__Requirement__
Give again, word for word, the lines below that run from the line with "公式サイトからのご予約でピエール・マルコリーニのチョコレートプレゼント" through the line with "O deputado Luiz". Drop the pictures.

__Available data__
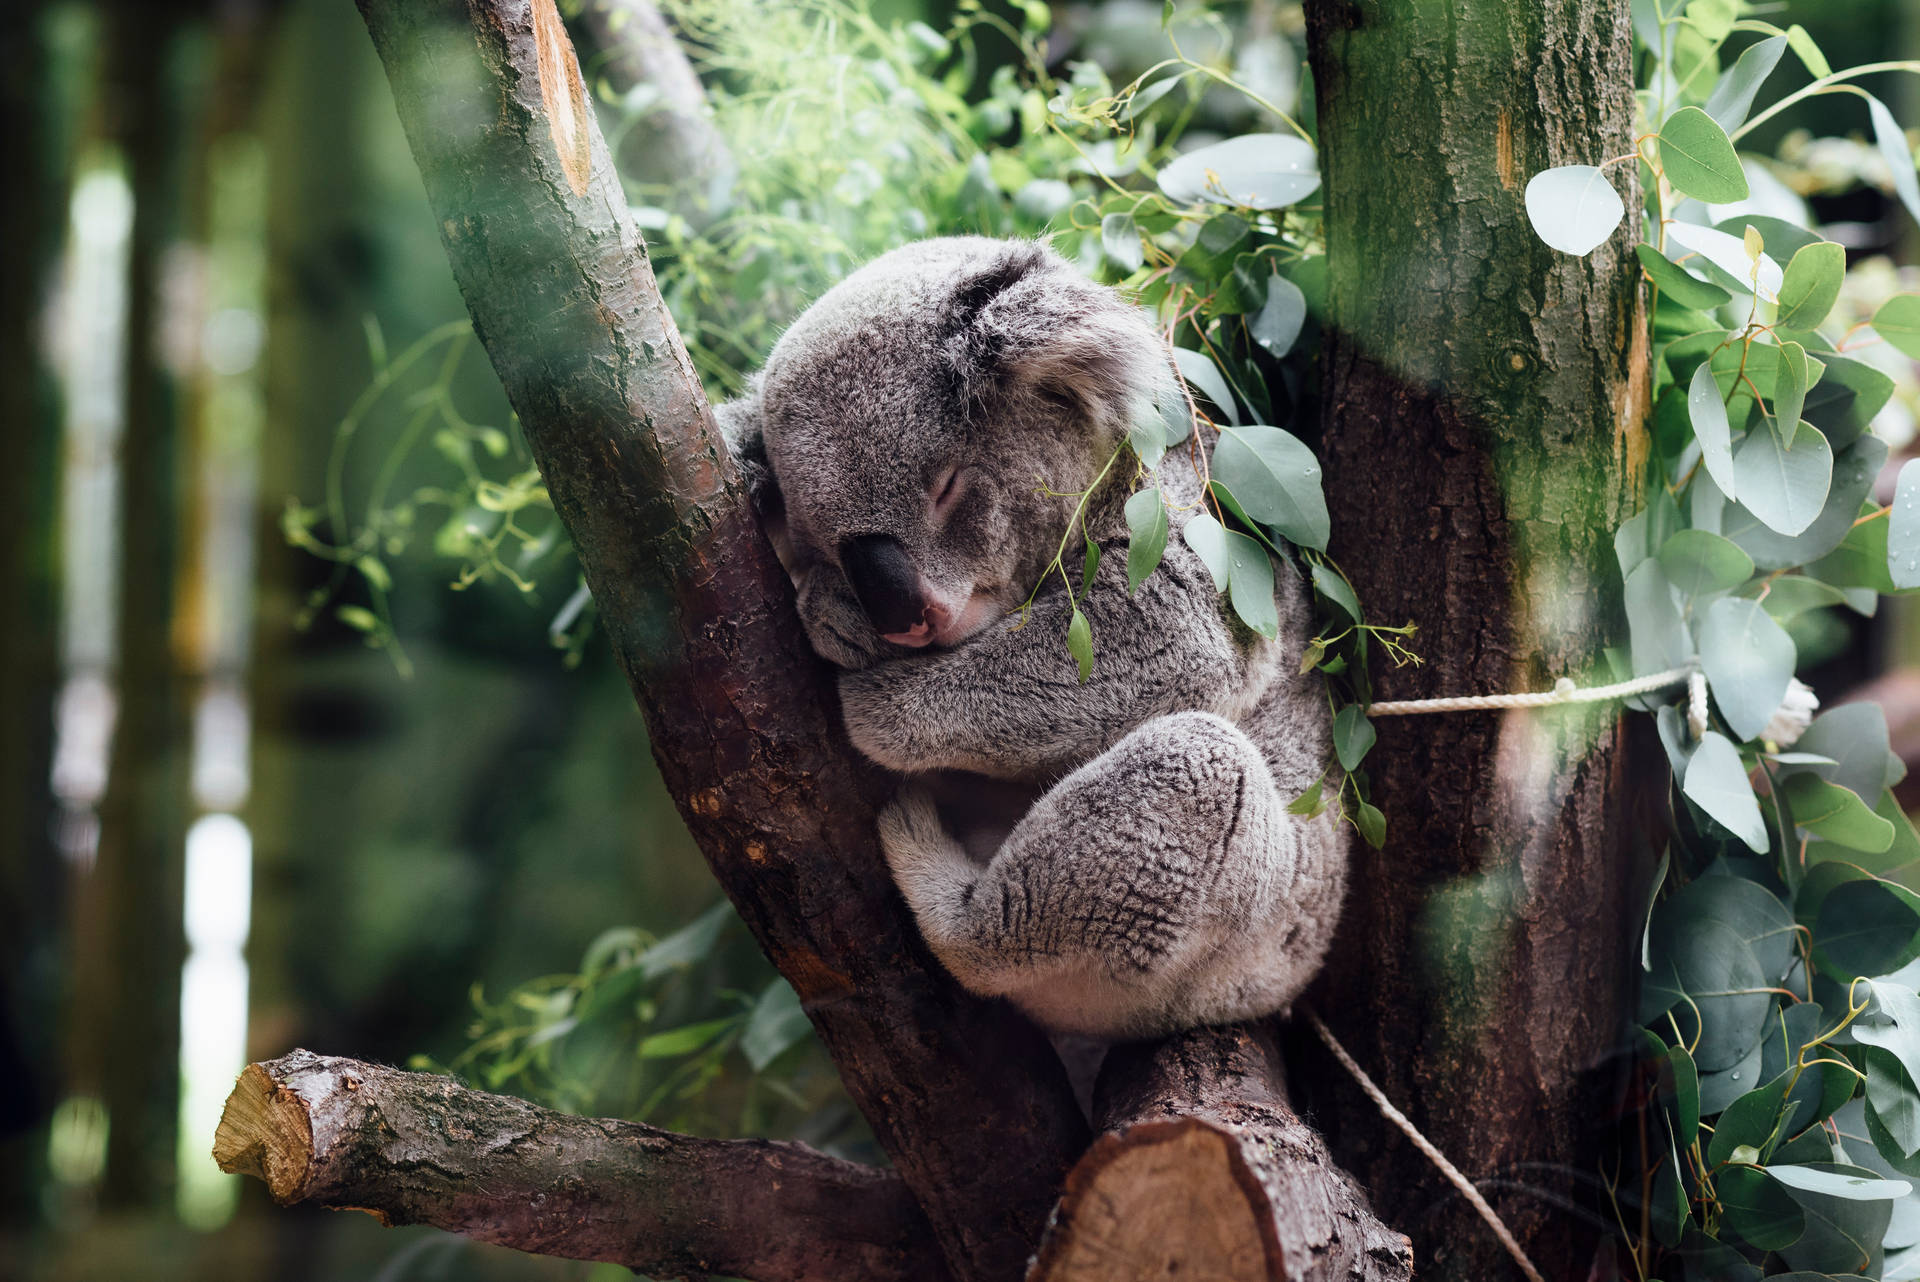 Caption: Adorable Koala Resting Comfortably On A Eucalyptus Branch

--

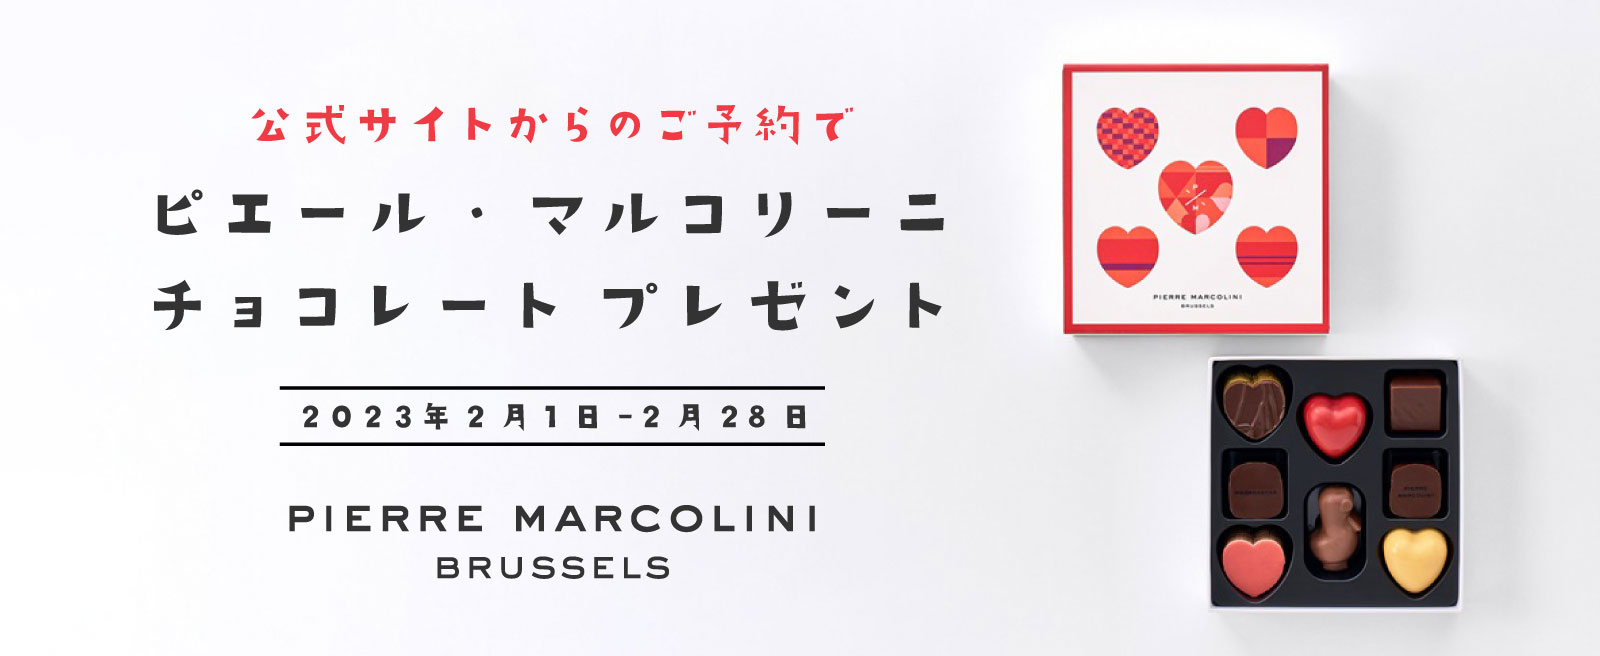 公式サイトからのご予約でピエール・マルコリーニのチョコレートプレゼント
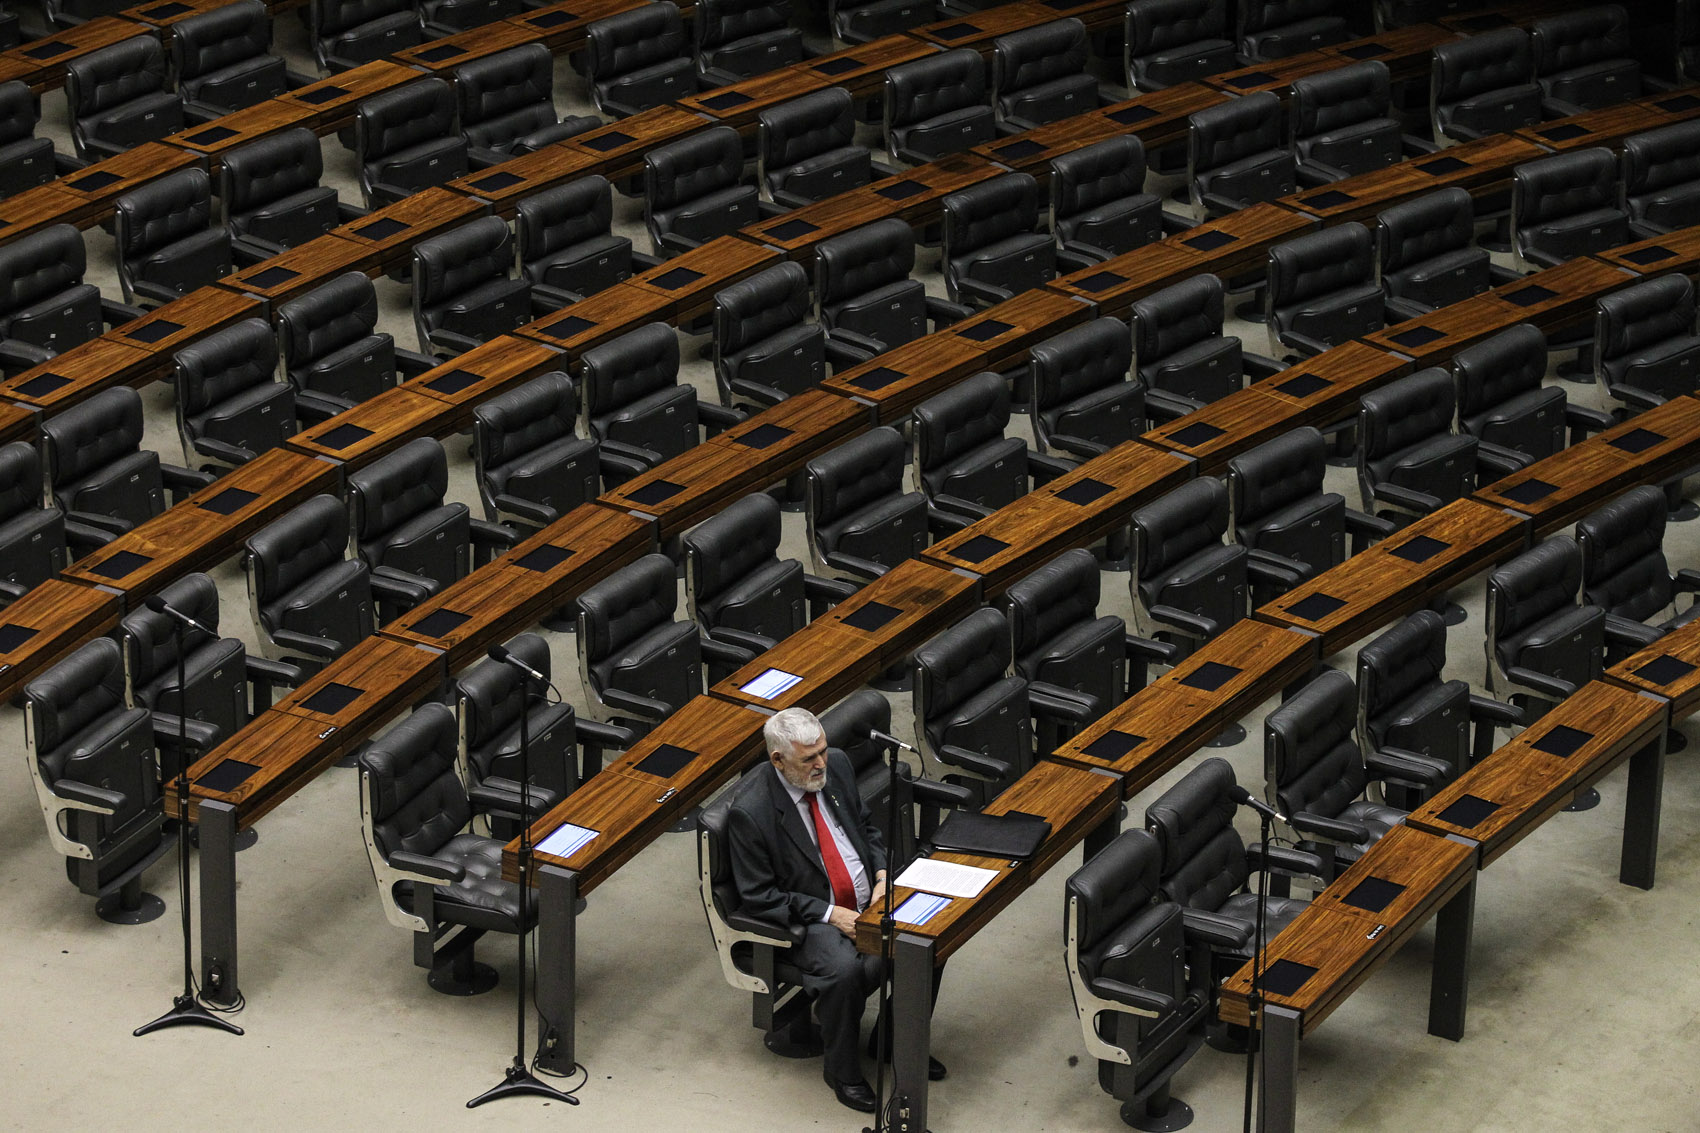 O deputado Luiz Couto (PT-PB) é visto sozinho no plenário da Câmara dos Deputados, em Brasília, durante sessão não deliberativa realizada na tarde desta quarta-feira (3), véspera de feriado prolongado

__Your response__
 公式サイトからのご予約でピエール・マルコリーニのチョコレートプレゼント
 O deputado Luiz Couto (PT-PB) é visto sozinho no plenário da Câmara dos Deputados, em Brasília, durante sessão não deliberativa realizada na tarde desta quarta-feira (3), véspera de feriado prolongado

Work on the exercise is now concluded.